Море алчет праха

Есть у каинитов поговорка о Сеуте: "Смотри, куда направляешь стопы свои, или рискуешь наступить на создателя того, кто создал тебя". О, город этот весьма красив, и корабли входят в бухту и выходят из нее, словно медленные величественные птицы, но здесь было пролито достаточно крови. Ибо в 1148 году (как вспоминают немногие выжившие христиане) по этой земле, подобно дыханию пламени, пронеслись альмохадцы…

В Сеуте жили тогда евреи, богатые, чувствовавшие себя в безопасности в древних усадьбах. Они умерли. Жили здесь и христиане, которые полагали, что торговля и тяжкий труд вместе с мусульманами в доках как-то защитит их от меча. Они тоже умерли. Последователи Пророка протестовали, когда кровь реками текла по улицам, и умерли вслед. Альмохадцы не были людьми большого терпения, и, когда Сеута покорилась их воле, ушли.

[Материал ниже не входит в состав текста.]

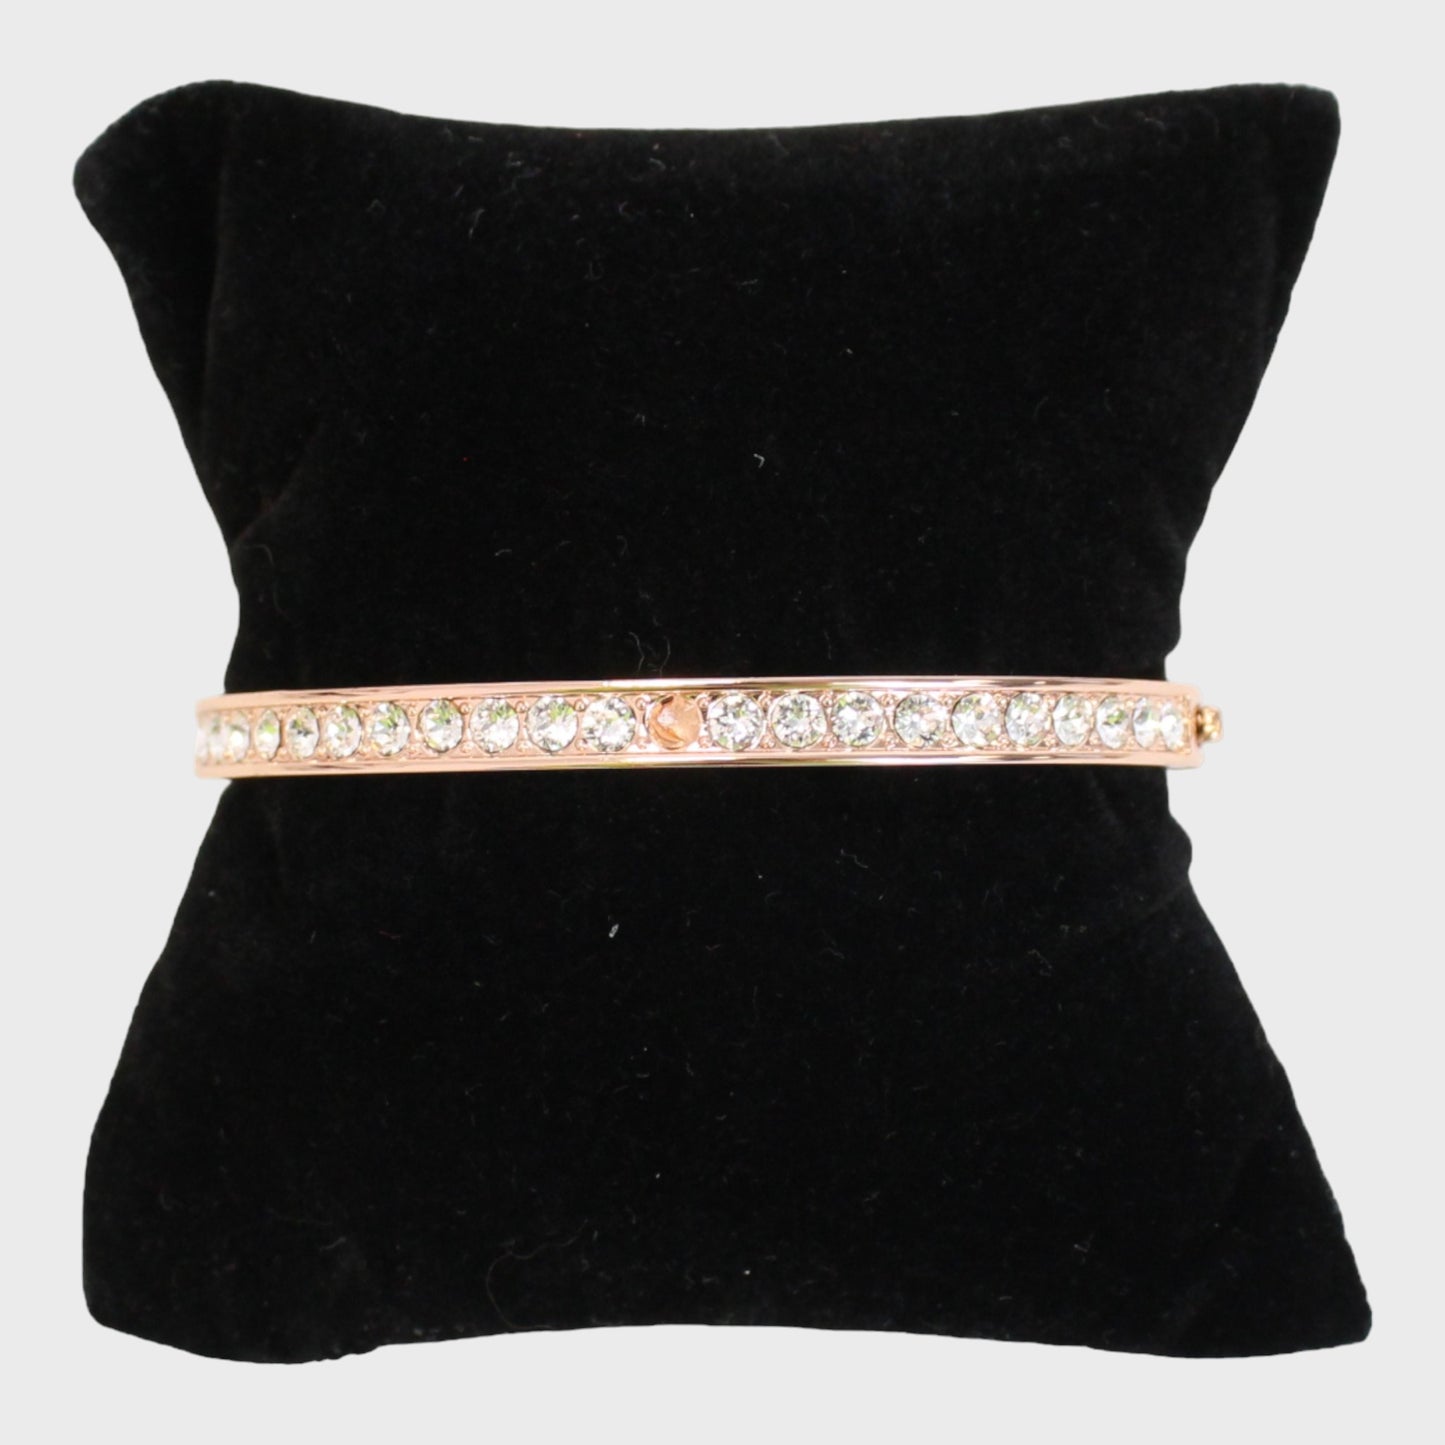 DESIGNER Lady's/Kid's Bracelet with Gems Silver/Rose Gold

Если вы пойдете в сукв, то есть спуститесь к докам, вы, возможно, найдете седобородых старцев, которые помнят те дни. За монету или даже за миску еды они готовы рассказывать бесконечно – как они прятались в темных проулках, или в пустых бочках, или же глядели из подвалов на странных свирепых всадников, несшихся мимо. Год от года рассказчиков становится все меньше, а рассказы все приукрашиваются, пока уже и сами немногочисленные выжившие вспоминают с трудом, как это было на самом деле.

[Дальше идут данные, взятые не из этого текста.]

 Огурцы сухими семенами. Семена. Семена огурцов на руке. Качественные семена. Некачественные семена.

Но были и другие глаза, что видели эти ночи огня и крови, – глаза мертвых. Сыны Сета и Каина страдали так же в руках захватчиков, хоть никто не пел каддиш1 по Саломону ибн Джедаху ибн Габиролу. Никто не знал о его присутствии, и ветер унес его прах в море. Все каиниты Сеуты погибли, за исключением тех, кто успел бежать. До прихода альмохадцев город был популярным местом среди неживых аль-Андалус, тихой и гостеприимной гаванью. Смертные называют город населенным призраками, и они не так уж далеки от истины.

† † †

Спустя почти век после кровавого нашествия двое изнуренных путников обводили взглядом город, восставший из пепла, и вспоминали. Первый был высок, его острые черты и потемневшая от солнца кожа говорила о принадлежности к альморавидам. При ближайшем рассмотрении оказалось бы, что покрой одеяния на нем устарел лет на сто, но близко рассматривать его никто бы не взялся. На поясе его не было меча, и все же карманники и воры Сеуты не тревожили его. "Тот, кто сам есть клинок, - сказал один из воров, – в клинке не нуждается". Остальные кивнули и отправились искать более легкую добычу.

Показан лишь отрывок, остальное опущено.